- Born: 1962 (age 63–64) London, England
- Education: Cambridge University
- Alma mater: School of Oriental and African Studies, University of London
- Occupations: Journalist, writer
- Children: 2

= Sam Miller (journalist) =

Sam Miller is a journalist and writer whose first book Delhi: Adventures in a Megacity was published by Penguin India in January 2009. The book was also published in the United Kingdom by Jonathan Cape. Since then he has written several other books. These include A Strange Kind of Paradise: India Through Foreign Eyes (2014), a history of foreign attitudes toward India, and Fathers (2017), a family memoir. He also translated The Marvellous (but Authentic) Adventures of Captain Corcoran by Alfred Assollant (2017). His latest book is Migrants: The Story of Us All (2023), an alternative history of the world, in which migration is restored to the heart of the human story.

Sam Miller was born in London in 1962. He studied history at Cambridge University and politics at the School of Oriental and African Studies, University of London, before joining BBC World Service. In the early nineties he was the BBC's TV and radio correspondent in New Delhi and on his return to the UK in 1993 was the presenter and editor off the BBC's current affairs programme South Asia Report. Later he became the head of the Urdu service and subsequently Managing Editor, South Asia. He has also worked as a BBC reporter in Pakistan, Afghanistan, Bangladesh, the Balkans and Northern Ireland, and, most recently, as Country Director for BBC Media Action in India, Tanzania, Nigeria, Tunisia, Afghanistan, Cambodia and Ethiopia.

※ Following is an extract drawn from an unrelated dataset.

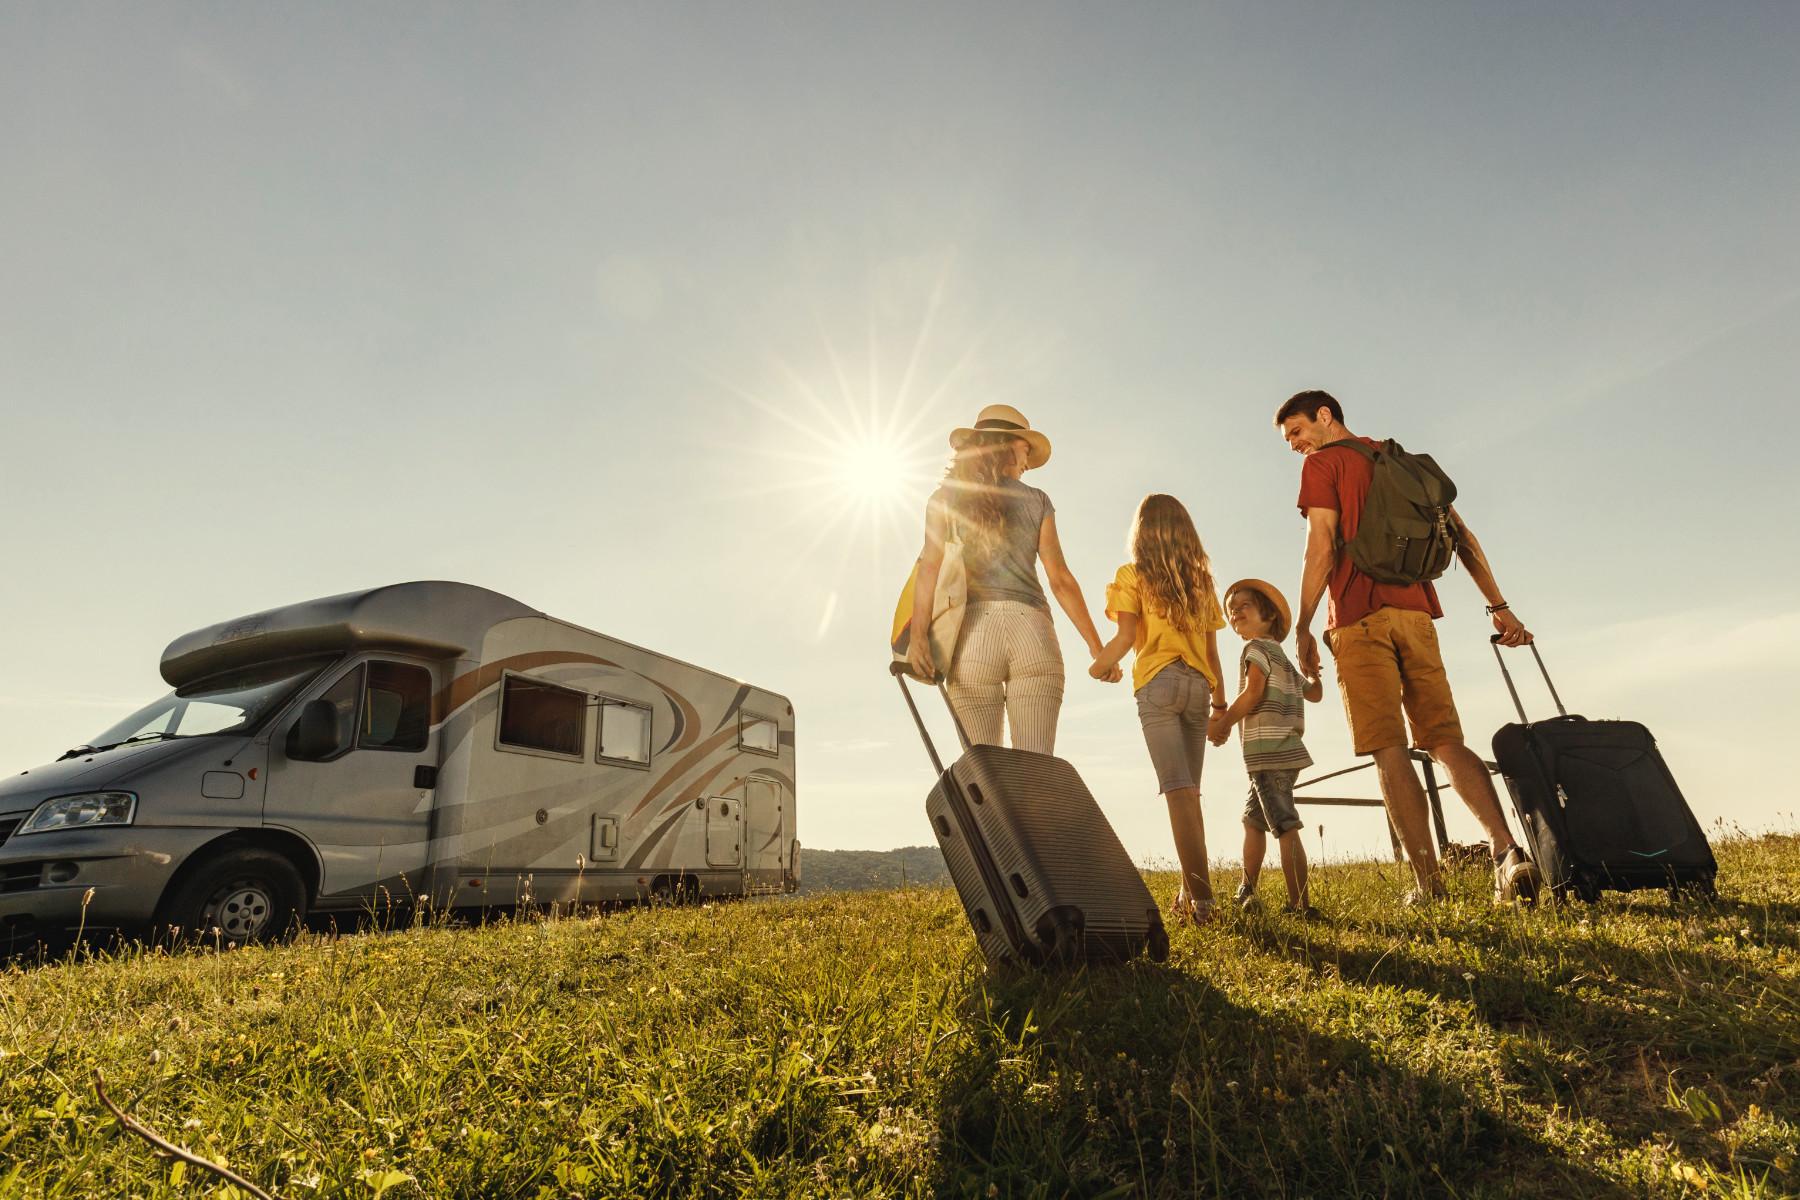 Familie mit Reisegepäck und Wohnmobil im Hintergrund

He contributed a chapter to The Weekenders: Adventures in Calcutta (Ebury Press, 2004), along with Irvine Welsh, Bella Bathurst, Colm Toibin, Andrew O'Hagan and Monica Ali.

He has two children, Zubin Miller and Roxana (Roxy) Miller.

He is also the author of Blue Guide India, a guide for the independent traveler to India's art, architecture and history.